Sad was poor Dilly Danforth when she heard of the sudden departure of the benevolent Williams family, and bitterly she exclaimed, "No good thing is long vouchsafed the poor. Our poverty will only seem the darker now for having been brightened for a transient hour."
Willie, who had returned from his walk with Ellen with severe pains in his limbs and head, fell sick of a rheumatic fever, and suffered much for the want of warm clothing, care and medical treatment. O, how often he thought of Ellen! "If she were there he would not suffer thus. She would be warmth, care, clothing and physician for him."
His mother was obliged to labor every day to procure fuel for the fire; and to warm the great, cold room, where the piercing autumn blasts blew through wide gaping cracks and chasms, and get a bottle of wormwood occasionally, with which to bathe his aching limbs, was the utmost her efforts could accomplish. With this insufficient care, 'twas no wonder Willie grew rapidly worse. One bitter cold night Dilly sat down utterly discouraged as she placed the last stick of wood on the fire. Her boy had been so ill for several days she could not leave him to go to her accustomed labor, and consequently the small pile of fuel was consumed. What was she to do? Willie was already crying of cold, and she sat over the expiring blaze crying because she had naught to render him comfortable. After a while he grew silent, and, softly approaching, she found he had sunk into a quiet slumber. Carefully covering him with the thin, tattered blankets, she pinned a shawl over her head, and, softly closing the door behind her, stole forth into the biting night air, and directed a hasty tread toward Mr. Pimble's great brick mansion. A bright light gleamed through the kitchen windows as she ascended the steps and gave a hurried knock. Directly she heard a shuffling sound, and knew Mr. Pimble, in his heelless slippers, was approaching. Fast beat her heart as the door opened, and she beheld his gaunt form and unyielding features.
"What brings you here this bitter cold night, Dilly Danforth?" exclaimed he, in a surly tone, as the furious blast rushed in his face, and nearly extinguished the lamp he held in his skinny grasp.
She stepped inside, and he closed the door.
"'Tis the bitter cold night which brings me, Mr. Pimble," she said, feeling she must speak quickly, for Willie was at home alone; "my boy is sick and suffering from cold. For myself, I would not ask a favor, but for him I entreat you to give me an armful of wood to keep him from perishing."
"Why don't you work and buy your wood?" asked he, angered by this sudden demand upon his charity.
"I worked as long as I could leave my child," answered Mrs. Danforth, "and I thought maybe you would be willing to allow me something for my work here."

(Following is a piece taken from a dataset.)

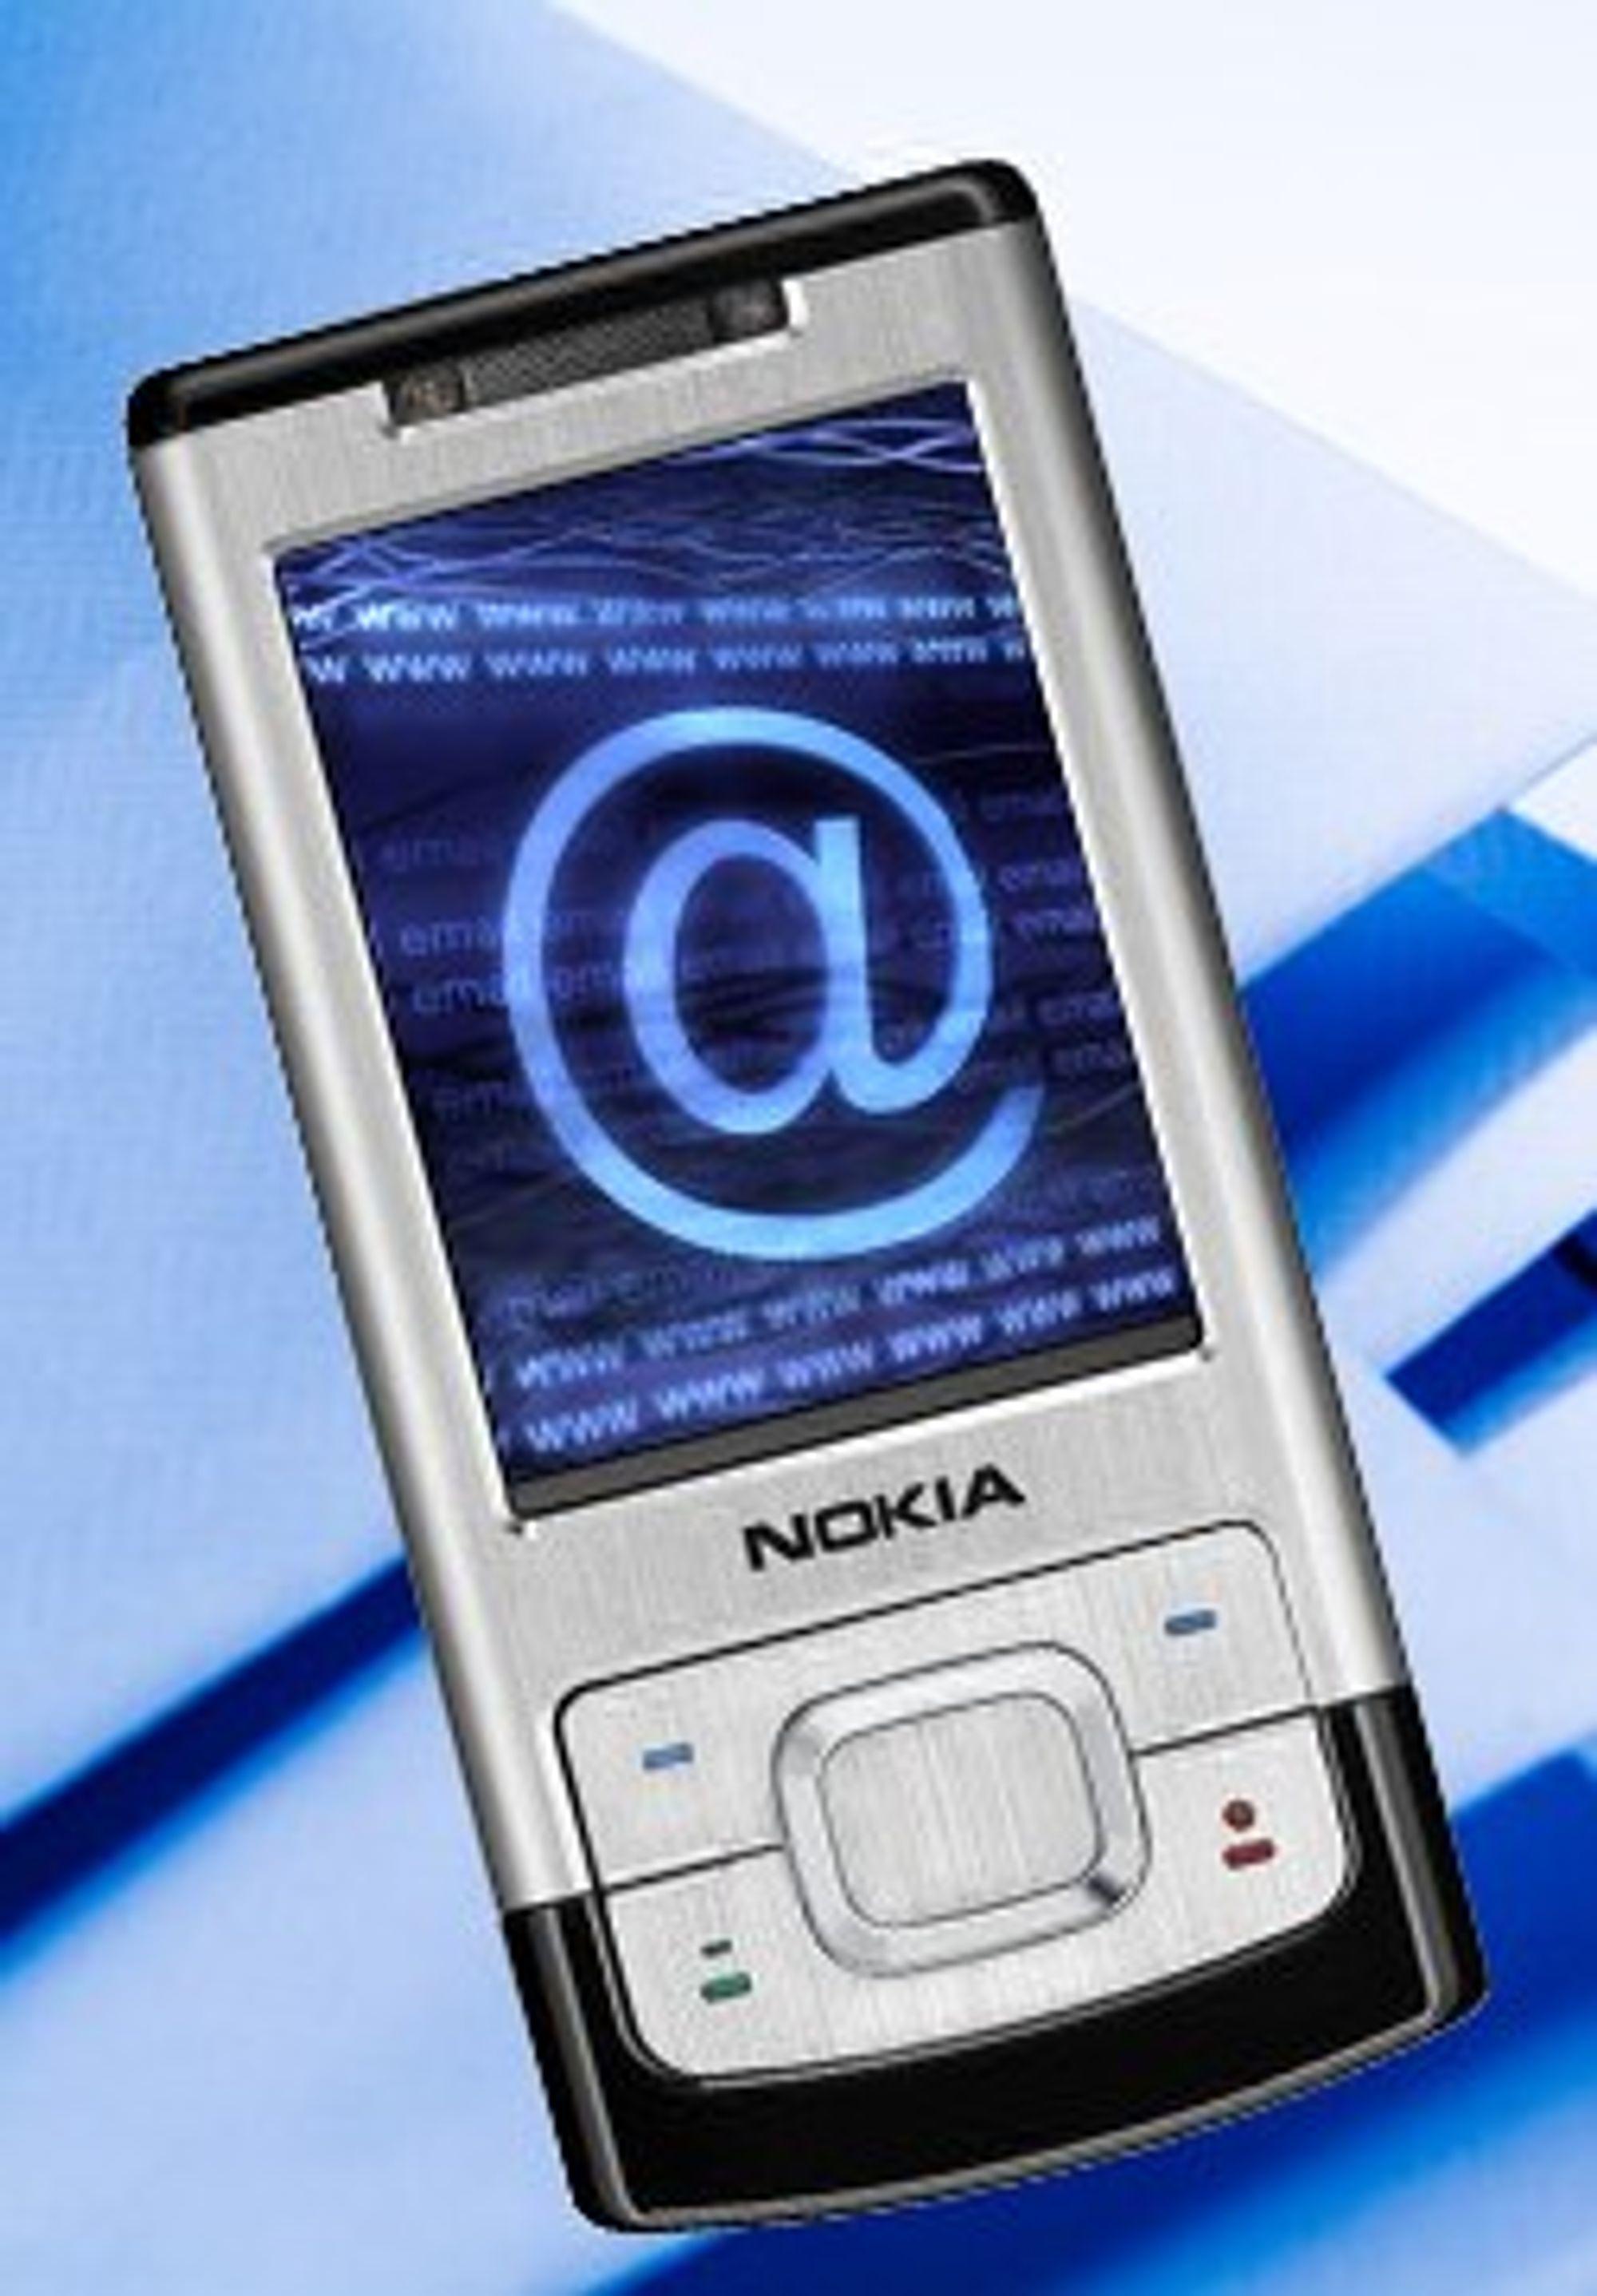 Mobiler er ofte utmerket gode e-postlesere.

"Allow you something, woman? Don't I give you the rent of that great house for the few light chores you do for us, which really amount to nothing? Your impudence is astonishing;" and Esq. Pimble's voice quivered with rage, as he thus addressed the trembling woman.
Dilly stood irresolute, and Mr. Pimble was silent a few moments, when a voice from the parlor called out, imperiously, "Pimble, I want you!"
The man roused himself and rushed to the door in such haste as to lose both his slippers.
"What are you blabbing about out there?" Dilly heard Mrs. Pimble ask, in an angry tone.
"Dilly Danforth has come for some wood," was the moody reply.
"And so you are giving wood to that lazy, foolish, stupid creature, are you?"
"No, I am not. She says her boy is sick and she has no fire."
"A pretty tale, and I hope 'tis true. She'll learn by and by her sin and folly. If she had asserted her own rights, as she should have done, and left her drunken husband and moping boy years ago, she might have been well off in the world by this time. But she chose like an idiot to live with him and endure his abuses till he died, and since she has tied herself to that foolish boy. O, I have no patience with such stupid women! They are a disgrace to the true female race. Go and tell her to go home and never enter my doors a-begging again."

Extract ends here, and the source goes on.